The stamps and first day cover were designed by Ger Garland.

Bernardo O’Higgins is regarded as the Liberator of Chile. Born in Chile, Bernardo was the son of Ambrose O’Higgins, a Spanish officer of Irish origin who became Governor of Chile. The battle for Chilean Independence began in 1810 and by January 1817, the Royalist forces loyal to Spain were defeated and in 1818, Chile’s independence from Spain was proclaimed. Bernardo became the country’s first head of state, Director Supremo of Chile. However, his economic and social reforms were met with opposition and in 1823 he was forced to resign and went into exile in Lima, Peru, where he died in 1842.
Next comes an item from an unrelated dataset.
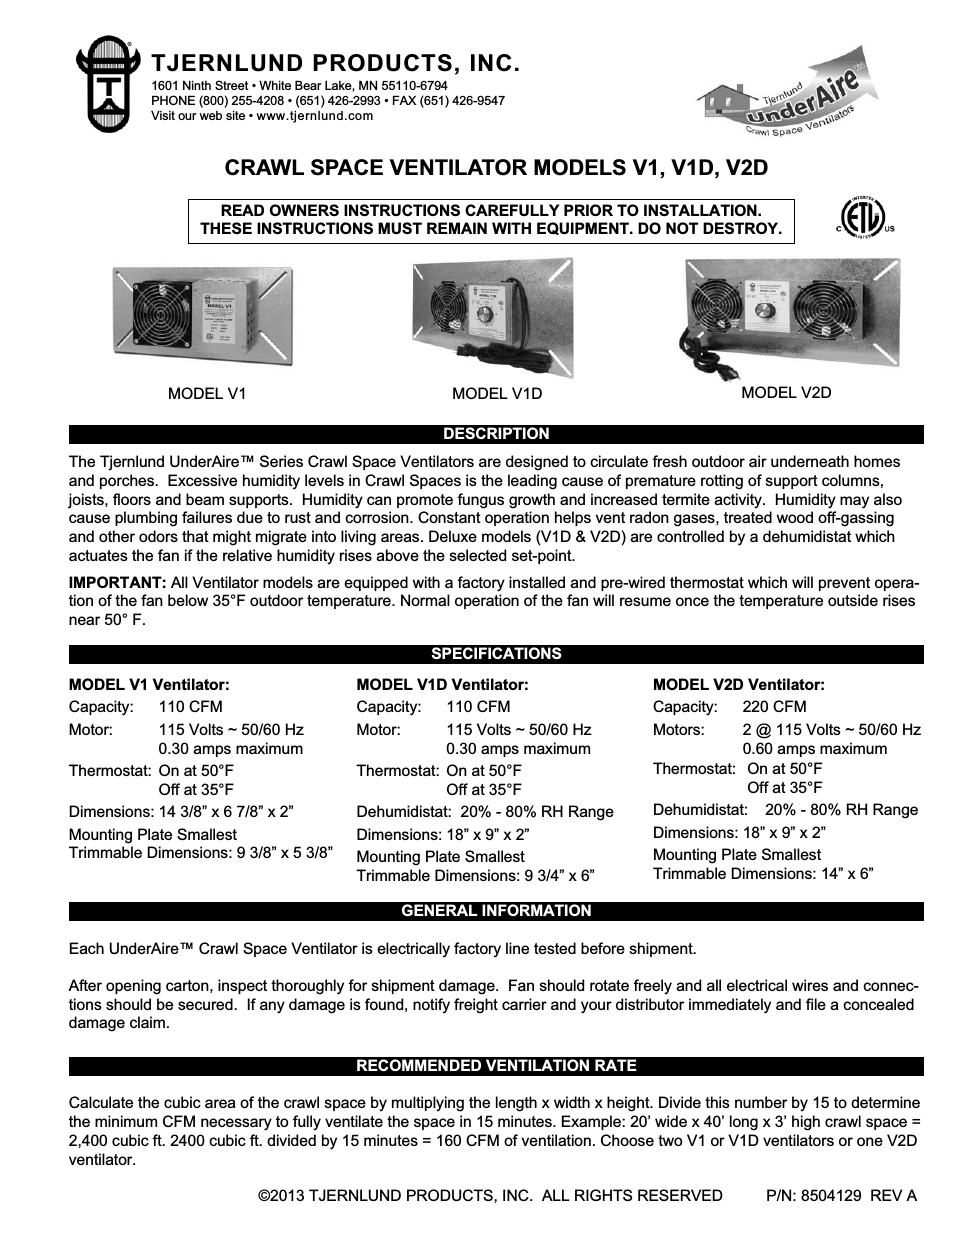 V1 Crawl Space Ventilators 8504129 Rev A

John MacKenna was born in 1771. In 1787 he joined the Irish Brigade of the Spanish army. He sailed for Peru in 1796, and in Lima, the viceroy, Ambrose O’Higgins, appointed MacKenna Governor of Osorno. In 1809, MacKenna married Josefina Vicuna y Larrain, a Chilean woman with revolutionary connections. Bernardo O’Higgins appointed him as one of the key officers to fight the Spanish army of General Antonio Pareja. In 1811 he became Governor of Valparaiso. After a coup d’etat he was banished to the Argentine province of Mendoza. He died in Buenos Aires in 1814.